15 P.2d 870 | Cal. Ct. App. | 1932
Two writs of attachment, one for a demand of $27,850 and the other for a demand of $110,690, were respectively directed to and levied by the sheriffs of Los Angeles and Tulare Counties. Thereafter, a personal judgment for $65,350 was rendered against respondent, a resident of the state of Iowa, upon her default, after constructive service of summons. Heretofore respondent, unsuccessfully, attempted, by certiorari, to have reviewed an order denying her motion to quash service of summons and, by prohibition, to prevent further proceedings. (Bullard v.Superior Court,
The record, as certified by the trial judge, consists of the judgment-roll, appellant's "affidavit for attachment against resident", two statements of her attorneys, one filed before the issuance of each writ, the two writs of attachment with the sheriff's returns, respondent's notice of motion to quash writs and vacate judgment, the affidavit of respondent's son in support of the motion, two "amended affidavits for attachment against non-resident" of appellant, filed on day of hearing and the order granting the motion. [1] Respondent's preliminary objection to consideration of the amended affidavits, because their filing marks do not show their filing prior to the hearing is untenable in view of the trial judge's certificate that they form part of the record used in the proceedings.
Appellant's first affidavit stated that respondent was indebted to her in the sum of $27,850 upon an implied contract for the direct payment of money, to wit: For moneys had and received by respondent for the use and benefit of appellant and that such contract was made or is payable in this state. Both statements recited that appellant had commenced this action upon a contract for the direct payment of money, claiming in the first statement that there was due $27,850 and in the second $110,690. Clearly, appellant sought the writs under the authority of subdivision 1 of said section 537 of the Code of Civil Procedure, upon the claim that the action was in contract. In his affidavit, respondent's son said that he, as his mother's agent, handled all her business in this state, including that with appellant; that the only business between the parties consisted of an exchange of properties, a loan to appellant and a foreclosure of a mortgage, securing such loan; that respondent never received any money for appellant's use and benefit; that the sixth cause of action in the complaint was a different way of pleading the fifth cause of action, but that any claim appellant has against respondent is for damages by reason of an alleged tort, as set forth in the fifth count. This affidavit squarely raised an issue as to the nature of the action, whether in contract or in tort.

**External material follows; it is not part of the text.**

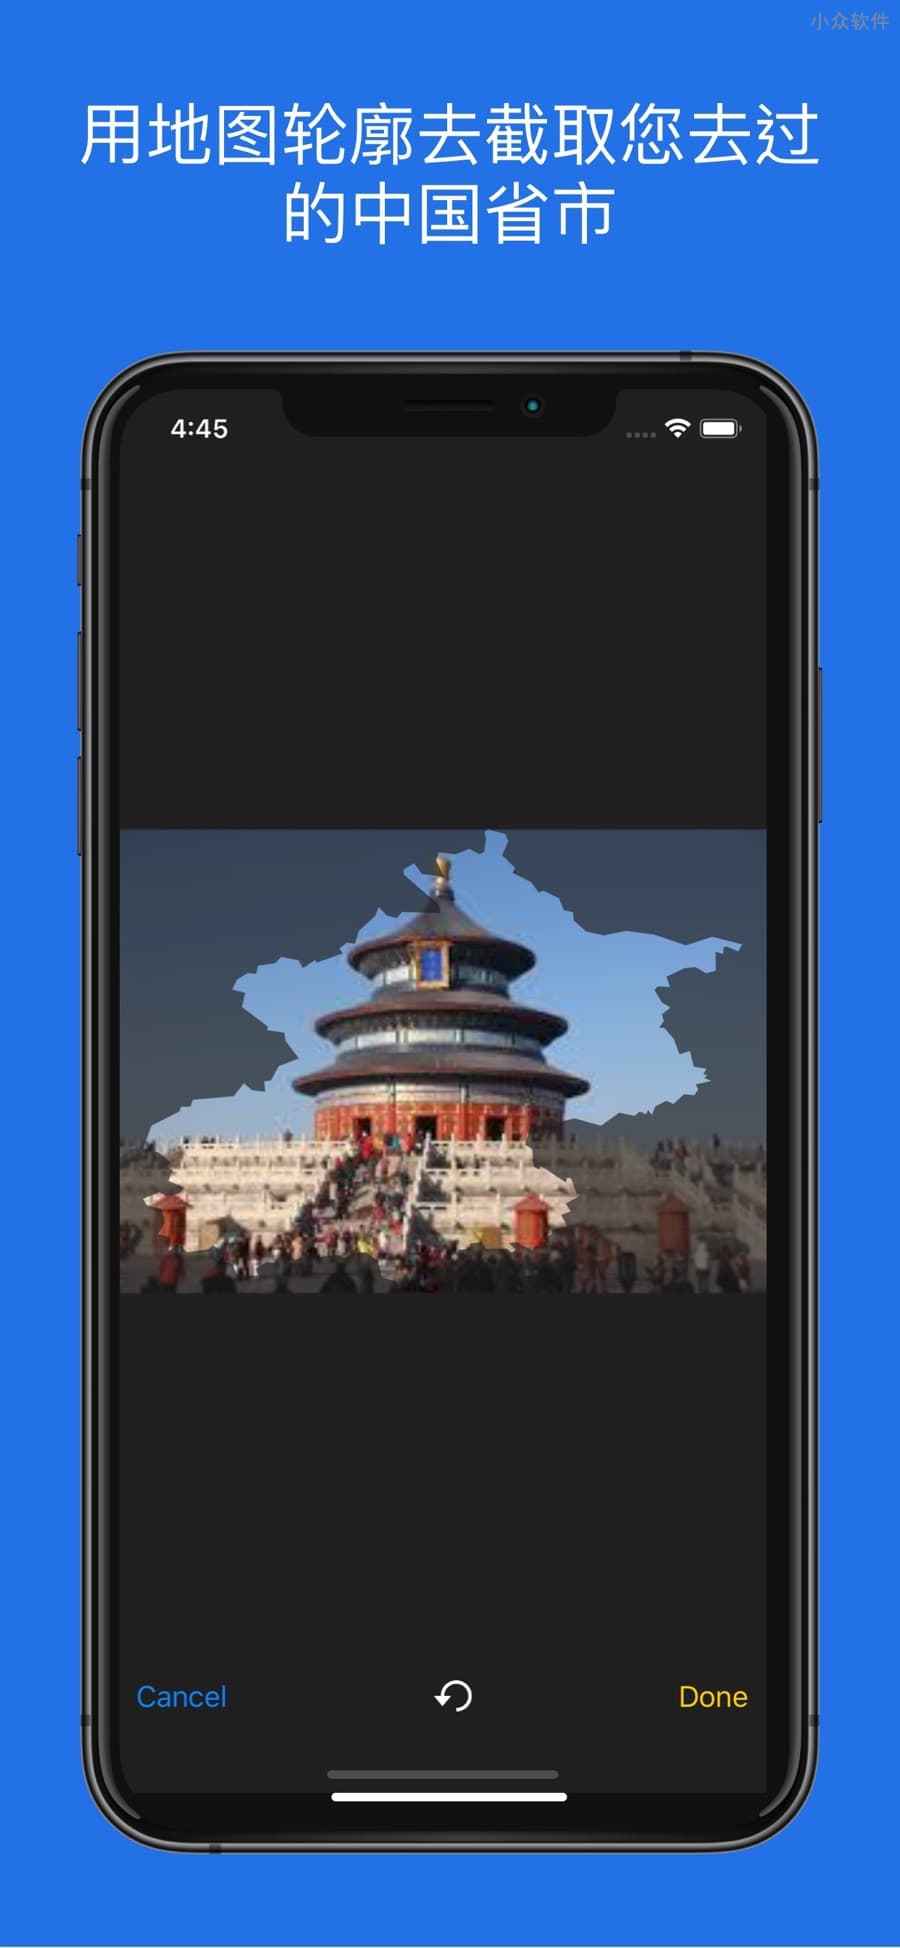 足迹中国 - 用照片填充中国地图轮廓，生成旅行地图[iPhone] 3

In an obvious attempt to justify the writs under subdivision 3 of said section, both amended affidavits of appellant *318 stated that respondent was indebted to her in the sum of $65,350 (the amount of the judgment); that respondent does not reside in this state and cannot, after due diligence be found within this state; and that this action is to recover a sum of money as damages arising from injury to property in this state in consequence of fraud and/or other wrongful acts of respondent. One affidavit further stated that respondent was indebted upon an implied contract for the direct payment of money, to wit: For moneys had and received for the use and benefit of appellant. The common part of these affidavits is a clear abandonment of the first claim that the action is in contract and a substitution therefor of a claim that the action is in tort.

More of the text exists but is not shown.